Ночью, при свете луны и звёзд, мир кажется иным.
«Кажется» или «становится»?
На этот вопрос «человек разумный» гордо и заносчиво ответит:
«Кажется».
Но иначе ответят на этот вопрос те немногие, которые на личном опыте прочувствовали «иное», едва не умерев от страха.
И уж, конечно, иначе ответили бы на этот вопрос те, которые умерли от страха, соприкоснувшись с реальностью жуткого ночного ирреализма, суть которого в том, что всё, во что превращается мир некоторыми лунными ночами, может тебя убить.
Хрупкая молоденькая милашка, оказавшись жуткой лунной ночью одна в безлюдном месте, обмерла от ледяного ужаса: ей навстречу надвигалось что-то огромное, непонятное, чуждое этому миру. Оно источало зло и само было злом.
Милашка вспомнила свой самый сильный детский страх: она всегда боялась одиночества, понимая, как она беззащитна перед всякой большой опасностью, если рядом нет того, кто сможет её спасти. Этот страх гнездился в её душе и пророс в ней сотнями метастазов, стал её безжалостным властелином, но до поры до времени не беспокоил милашку, выжидая своего самого главного часа.
И вот этот час настал.
Милашка-симпотяшка узнала того, кто возник на её пути этой роковой лунной ночью: это он ещё в раннем детстве вселил в неё страх, мучительный и беспощадный, как раковая опухоль, в ту самую главную для него невыносимо жуткую минуту, когда он передаёт истерзанное им тело в руки смерти.

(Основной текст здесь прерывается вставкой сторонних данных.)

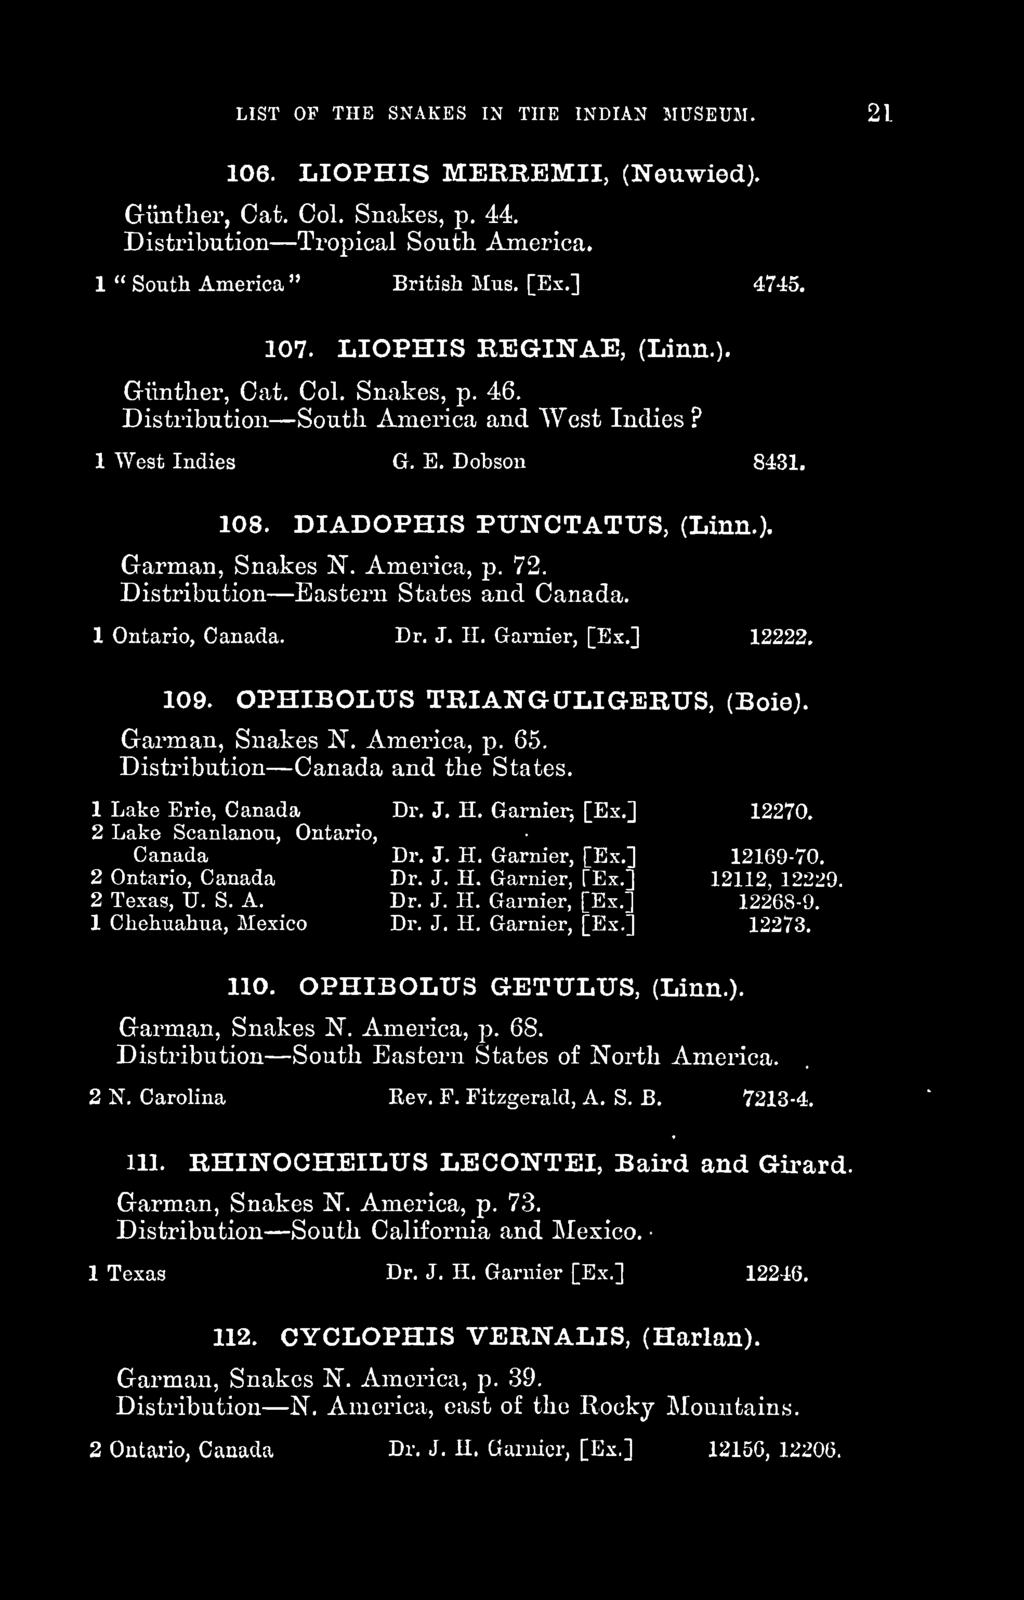 America, p. 72. Distribution Eastern States and Canada. 1 Ontario, Canada. Dr. J. H. Garnier, [Ex.] 12222. 109. OPHIBOLUS TmANGCJLIGERUS, (Boie). Garman, Snakes N. America, p. 65.

Это он однажды явился к ней такой же ужасной ночью, когда она была пятилетней девочкой. Её мамочка наспех уложила её в кроватку, велела спать, погасила в комнате свет и побежала на зов умирающей бабушки.
В доме был запах лекарств, запах ладана и запах… застывшей в зловещем выжидании смерти.
В те самые минуты и вползло в малышкину комнату, освещаемую только нехорошим лунным светом, это самое зло, огромное, непонятное, чуждое и враждебное миру.
Малышка хотела бы закричать, позвать мамочку на помощь, но страх не позволил ей сделать это. Она боялась пошевелиться, боялась даже дышать, в надежде, что жуткое зло не увидит её в темноте, но понимала, догадывалась, что зло прекрасно видит её и лишь оттягивает время нападения, чтобы побольше насладиться и вдоволь напитаться запахом и вкусом её страха.
Измучившись от ужаса ожидания чего-то ещё более мучительного, чем смерть, того, чему нет и не может быть ни названия, ни понимания, малышка сама не заметила, как уснула.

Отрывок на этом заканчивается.